Once everything is square with the venue I will post an official thread regarding it. Be looking for it!
Any suggestions/comments/concerns/questions leave a reply or PM me.


----------



## Michael Womack (Dec 19, 2012)

ducttapecuber said:


> Sadly this competition will have to be unofficial. I contacted several delegates and none could make it. But a couple said that they could make it another time, so there is hope for an OFFICIAL NC competition.
> The set up goes as follows (as of now, but could change):
> Date: Saturday April 20th- hopefully we will start at around noon so that people with a bit of a drive are able to come.
> Events:
> ...



I want to be a scrambler for 2x2 and pyraminx


----------



## ducttapecuber (Dec 19, 2012)

Michael Womack said:


> I want to be a scrambler for 2x2 and pyraminx


Once I get sign ups, up make sure to tell me you want to be a scrambler. I really appreciate the help!


----------



## Michael Womack (Dec 19, 2012)

ducttapecuber said:


> Once I get sign ups, up make sure to tell me you want to be a scrambler. I really appreciate the help!

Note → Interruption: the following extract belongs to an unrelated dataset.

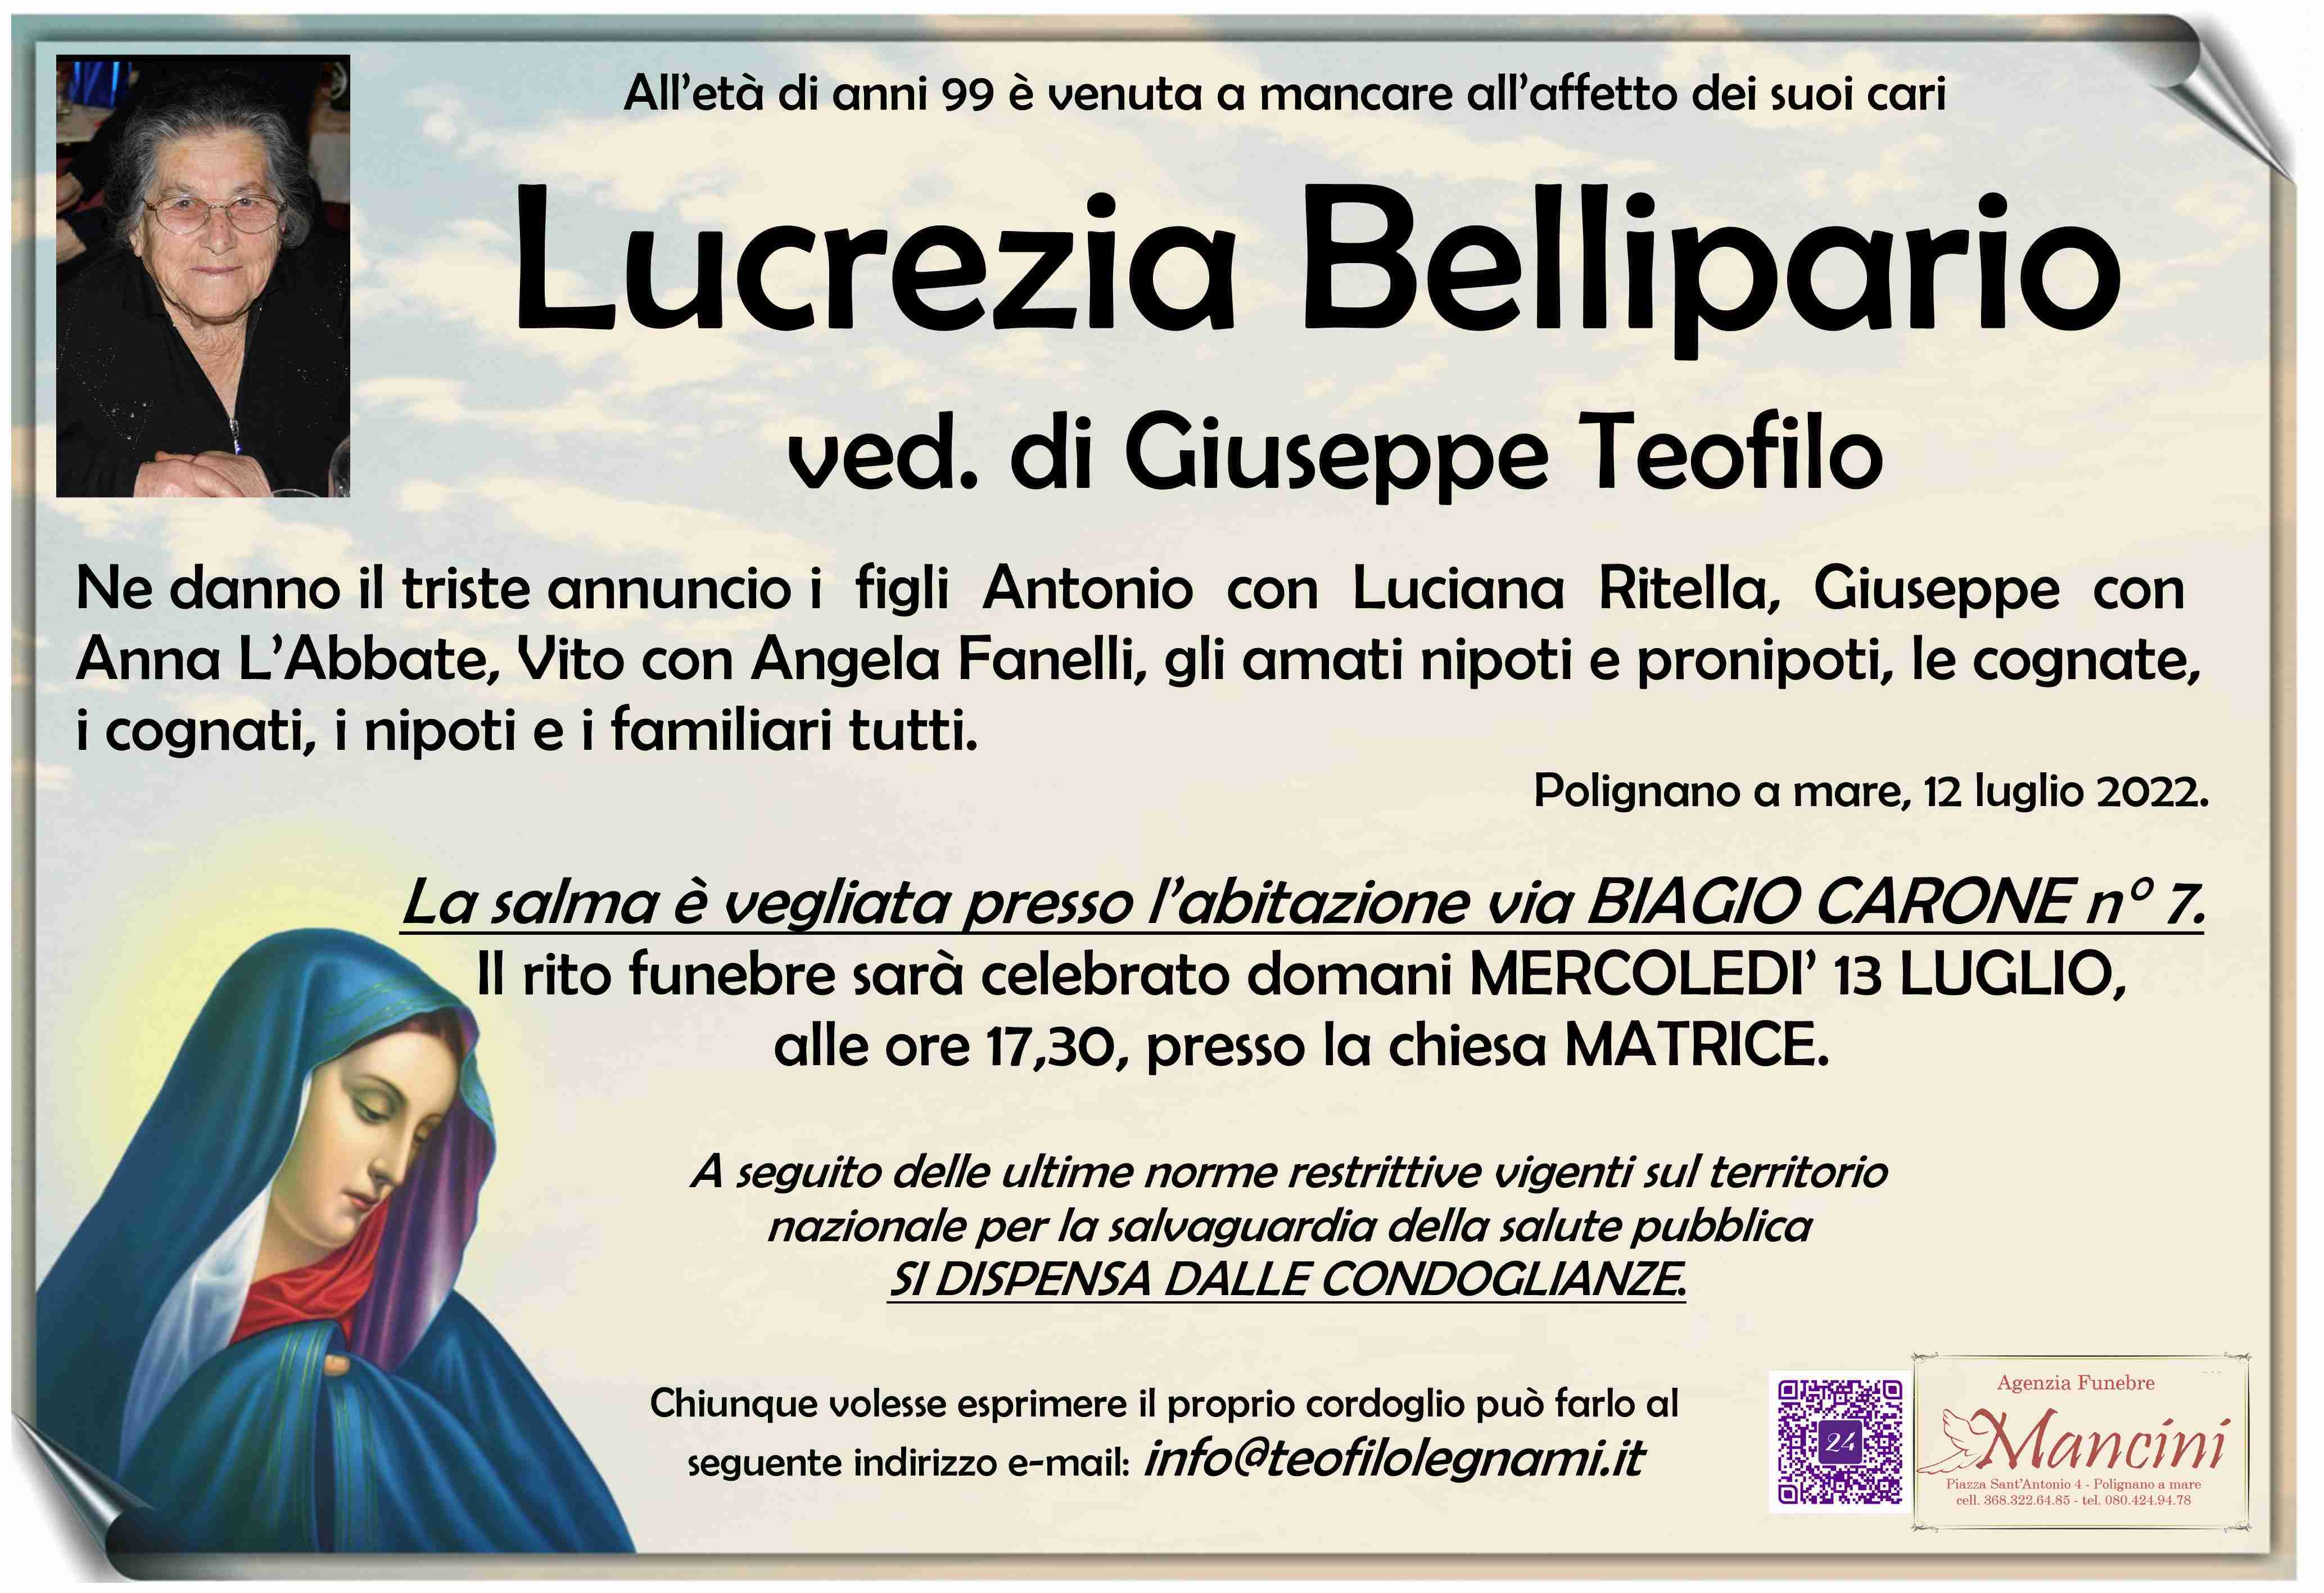 Lucrezia Bellipario

Ok thanks, I'll try to come.


----------



## ducttapecuber (Jan 3, 2013)

Sorry that official information has not come out yet! I have been extremely busy with school, band, and the holidays. Information should be out by the end of the month! So sorry for the wait, I know some of you need this info to make your plans (i have gotten a lot of messages regarding it). I will release everything once it is set in stone.
And is there any uncommon or even unofficial (non-wca) puzzles or events you want?
Thanks!


----------



## Michael Womack (Jan 3, 2013)

ducttapecuber said:


> Sorry that official information has not come out yet! I have been extremely busy with school, band, and the holidays. Information should be out by the end of the month! So sorry for the wait, I know some of you need this info to make your plans (i have gotten a lot of messages regarding it). I will release everything once it is set in stone.
> And is there any uncommon or even unofficial (non-wca) puzzles or events you want?
> Thanks!



Skewb,magic


----------



## ducttapecuber (Jan 3, 2013)

Michael Womack said:


> Skewb,magic



thanks! Those were the main ones I was thinking.
 *and the date will be APRIL 20th*


----------



## Michael Womack (Jan 3, 2013)

ducttapecuber said:


> thanks! Those were the main ones I was thinking.
> *and the date will be APRIL 20th*



Cool so were on the same page.


----------



## ducttapecuber (Jan 16, 2013)

Quicky Update:
This week everything will be squared away with the venue. Within the next 1-2 weeks I will have a website up for registration.
_What you need to know as a competitor:_ Every competitor, if capable, will be either a judge or scrambler, or both. There isn't any funds for timers so the organizational ream asks people to bring what they have, even qj timers.
_Here is a basic copy and pasted word document explaining everything to the non-cubing administration:_
Charlotte Open Winter 2013 (COW 2013)
April 20th 2013
The COW 2013 is an unofficial Rubik’s Cube competition. This means that cubers from all around are invited to compete to see who is the fastest at various twisty puzzles, such as the original Rubik’s cube. Even though this competition is unofficial is will follow all World Cube Association (WCA) Regulations..
This competition would be held in AG’s multi-purpose room. We could expect anywhere from 10 people to 40 people. Most likely there would be around 20-25 people.
It will be from 10pm- 5pm
Food will be provided: Papa John’s pizza along with cookies and drinks. To pay for this competitors and spectators would pay $10 at the door.
The events will be as follows:
3x3- 3 rounds
2x2- 2 rounds
4x4- 1 round
3x3 One Handed- 2 rounds
3x3 Blindfolded- best of 3
Pyraminx- 1 round
Magic- 1 round
Skewb- 1 round
Team Blind- best of 1
Secret puzzle- single solve
The winner of each event will receive a small prize, such as a certificate or stickers as stated in the WCA Regulations.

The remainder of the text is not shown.